# PCD Delivery Date



## reddemon73 (Jan 15, 2008)

Everyone,

I am doing both ED and PCD for my new F32. I received confirmation on ED delivery date of 5/2/14. When will I get notice for the PCD delivery date? Is it too late to have it sent to my delership if I change my mind?

Thanks everyone.

D


----------



## patb23 (Apr 8, 2008)

You'll probably receive the PC date after you've done ECD and dropped off your car at port. When you say change your mind, do you mean just PCD or both delivery times? I think if you change your mind now for both delivery options you will be ok. You've got some time to cancel.


----------



## alee (Dec 19, 2001)

You get your PC delivery date after your car arrives state-side in Brunswick, GA and clears vehicle prep. You're probably looking at getting contacted by your dealer around mid-June to schedule PCD depending on how long your ED trip is.


----------



## JimD1 (Jun 5, 2009)

I believe your dealer can reserve a slot for your PCD in advance of the car's arrival and they should. It may not be a firm date until your car clears customs but if you don't get on the PC schedule your wait may be pretty bad. Especially if you want a Monday or Friday.


----------



## alee (Dec 19, 2001)

JimD1 said:


> I believe your dealer can reserve a slot for your PCD in advance of the car's arrival and they should. It may not be a firm date until your car clears customs but if you don't get on the PC schedule your wait may be pretty bad. Especially if you want a Monday or Friday.

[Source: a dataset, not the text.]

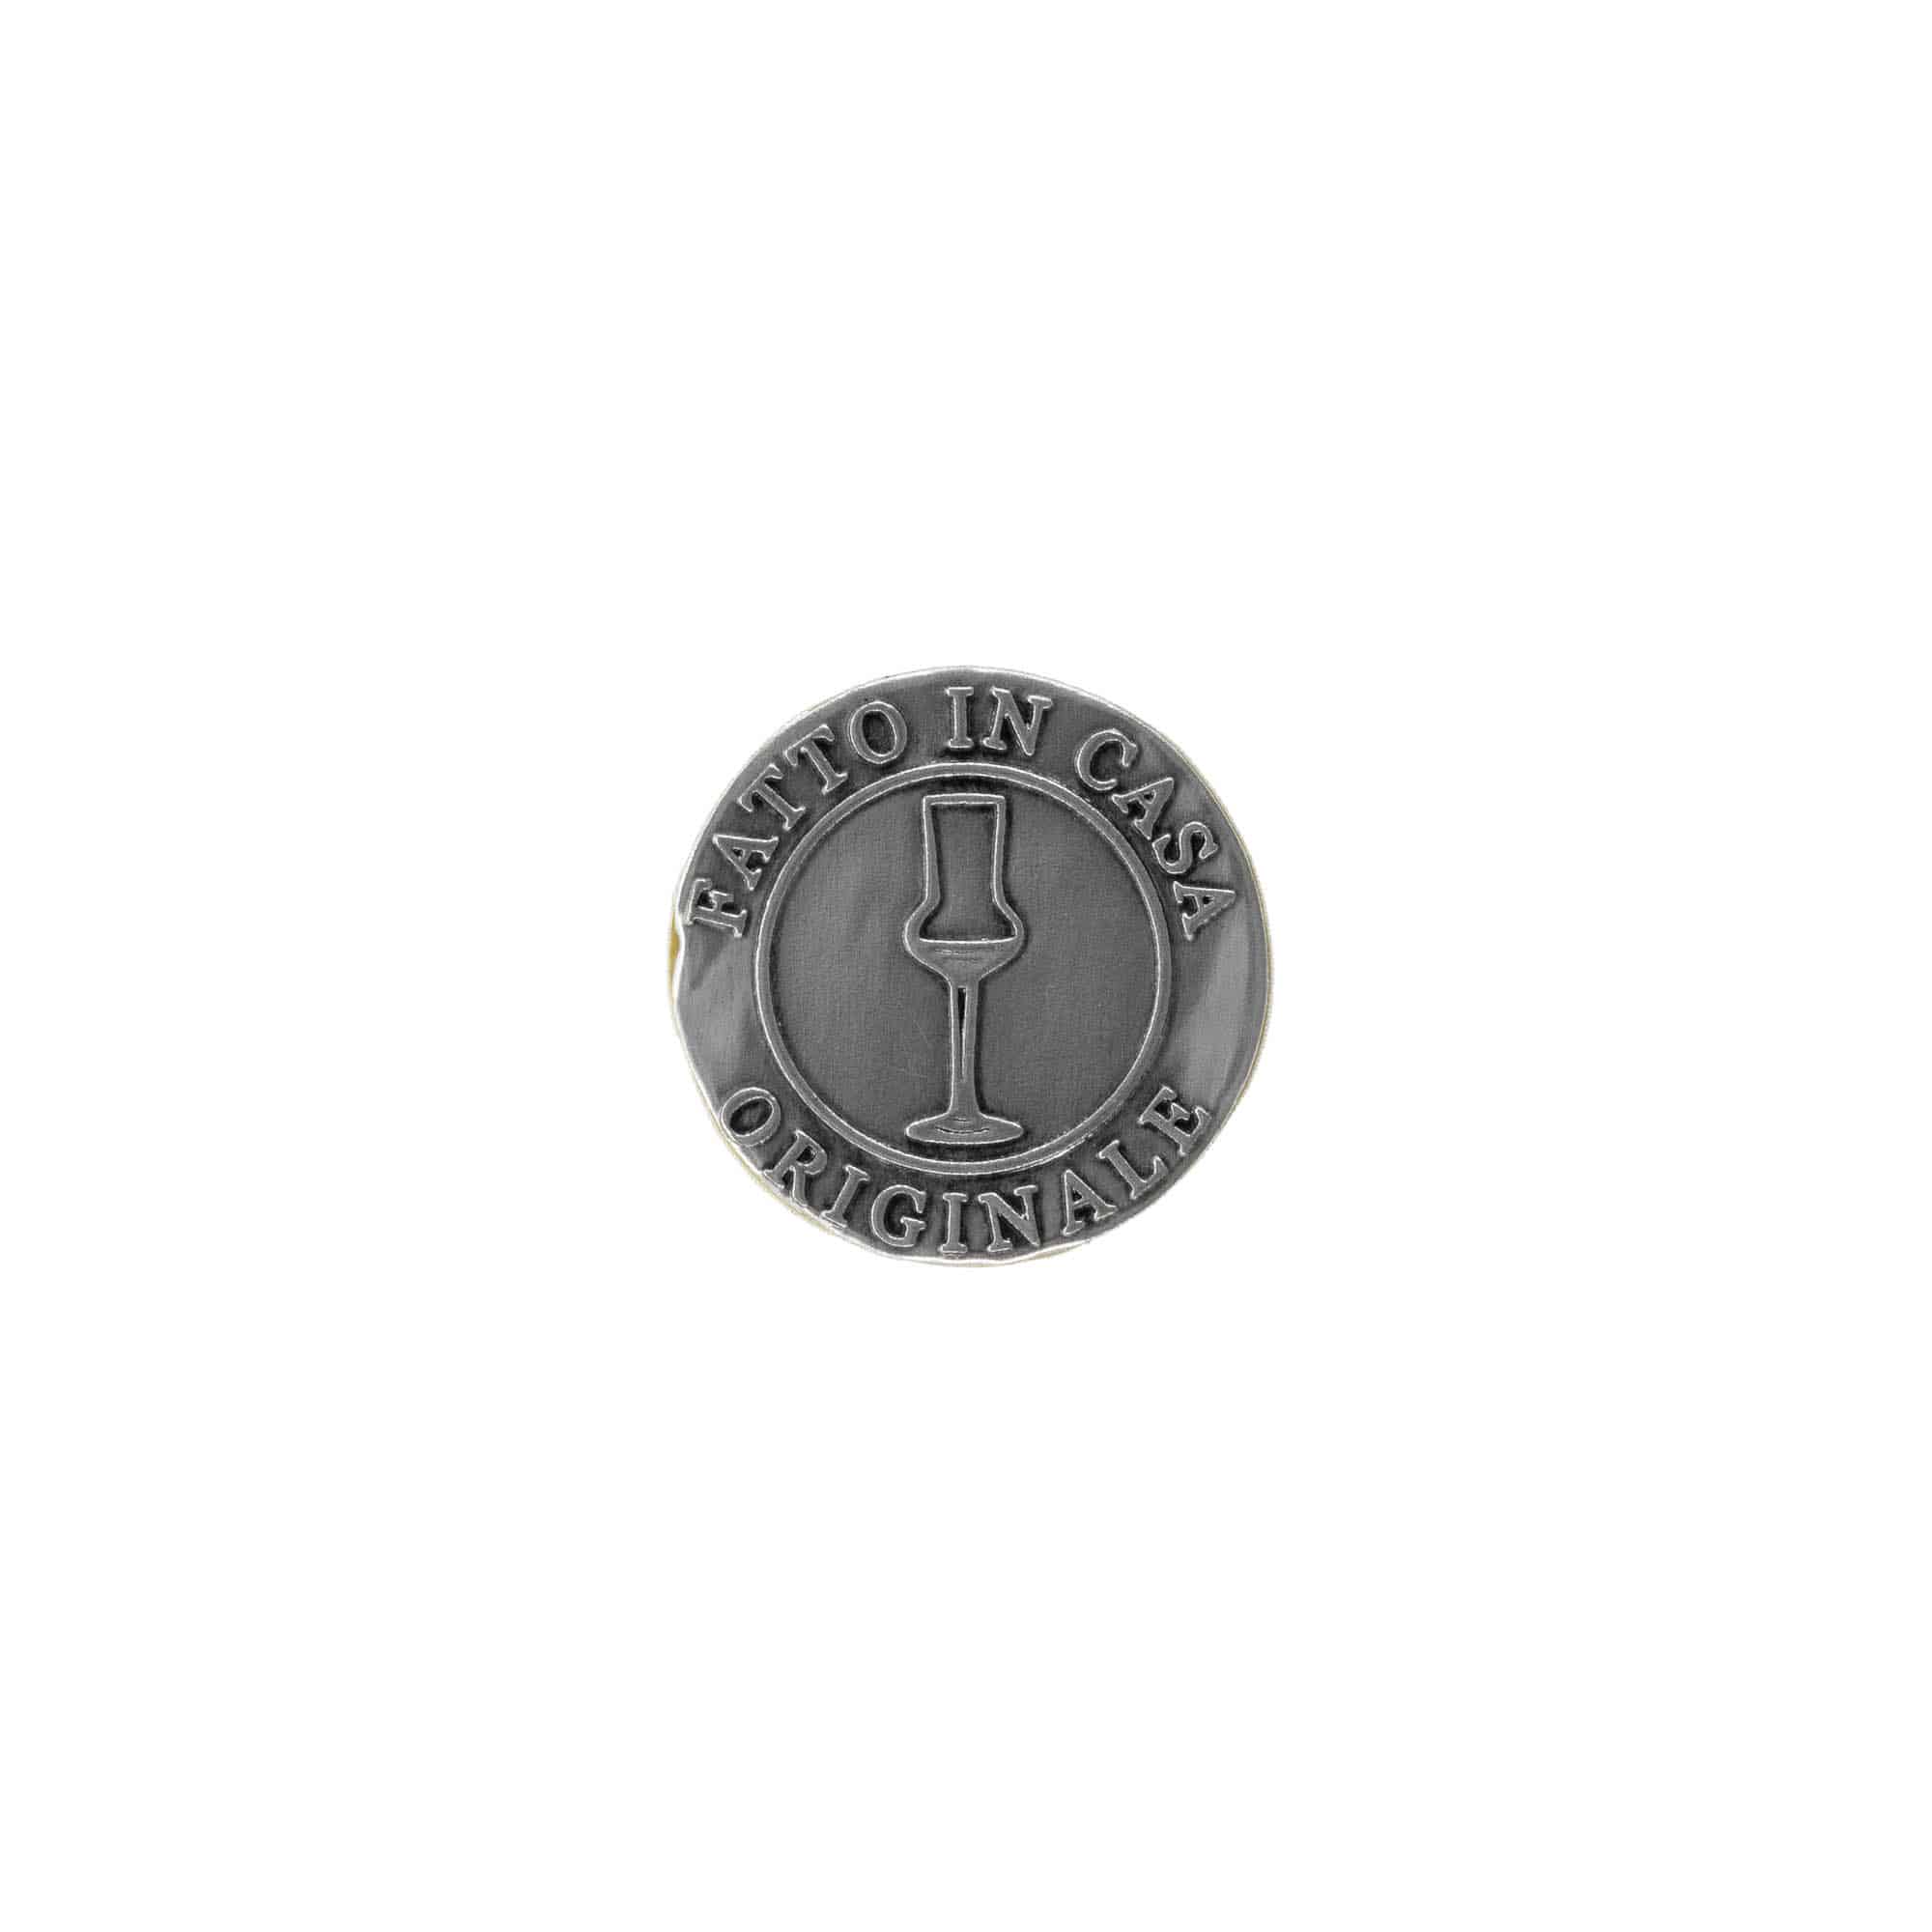 Etykieta cynowa 'Fatto in Casa', okrągła, metal, kolor srebrny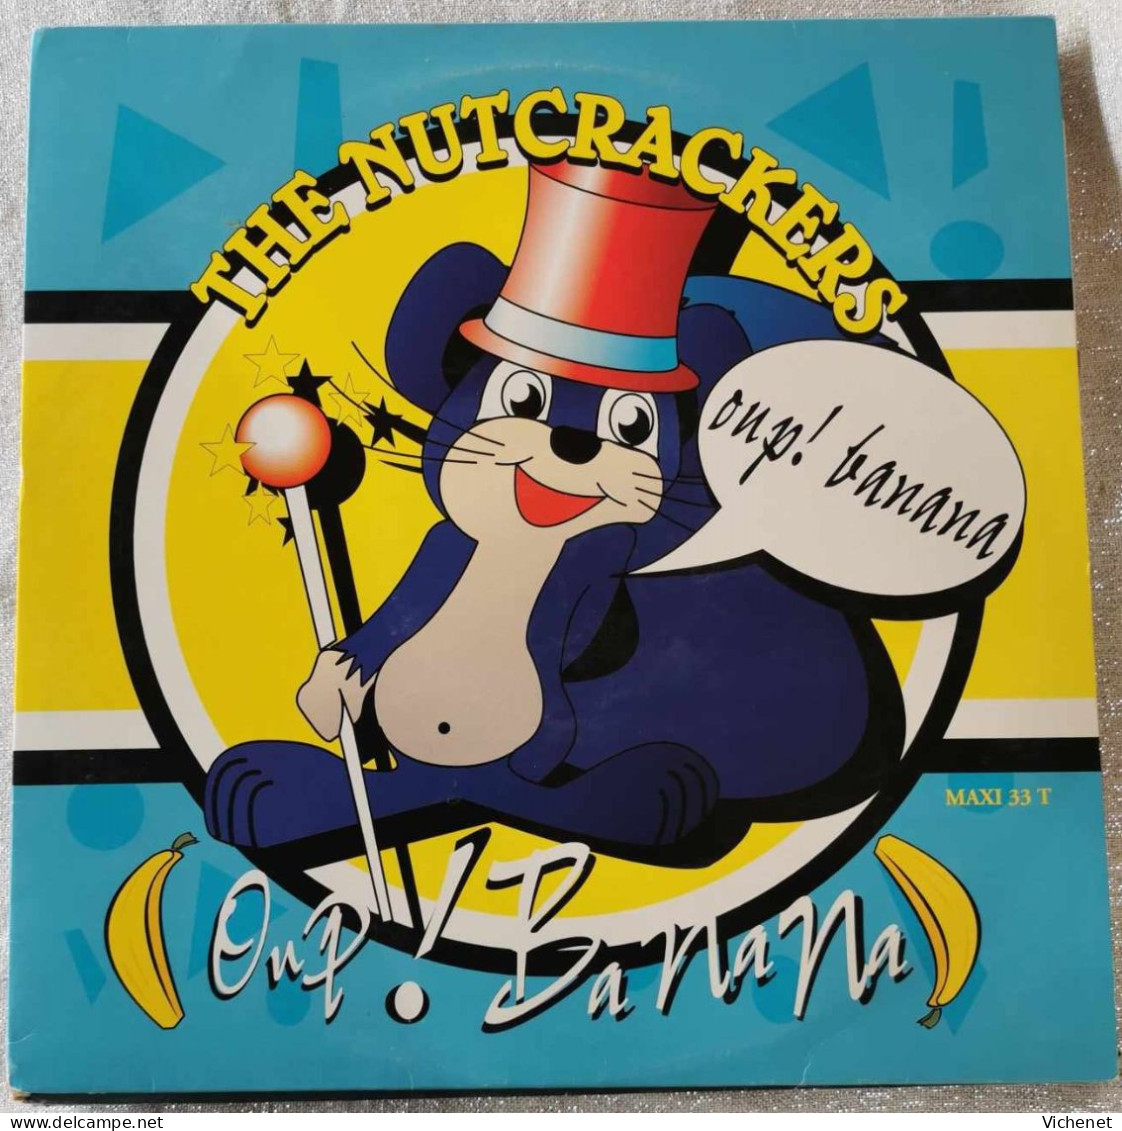 The Nutcrackers – Oup! Banana - Maxi - 45 Rpm - Maxi-Single

I believe it's just an advisory date... the only people that can reserve a formal slot are people that are just taking PCD, without ED. ED cars go through a round of customs inspection that could be range from a few hours to a week which makes it impossible to forecast.

On the upshot, PCD dates for ED customers are a little easier to schedule (minus the hot dates) because they don't get a new car introduction session. After the day's activities are done, you can get in your car and go.


----------



## reddemon73 (Jan 15, 2008)

patb23 said:


> You'll probably receive the PC date after you've done ECD and dropped off your car at port. When you say change your mind, do you mean just PCD or both delivery times? I think if you change your mind now for both delivery options you will be ok. You've got some time to cancel.


I am doing the Ed pick up for 5/2 but might want to change my mind for PCD since I lived out here in Seattle and my work might be picking up in the early summertime. I don't think I will have 10days off for a fun roadtrip back to Seattle. I want to know when is the deadline for me to request re-delivery of ED car to my dealership instead of PCD.


----------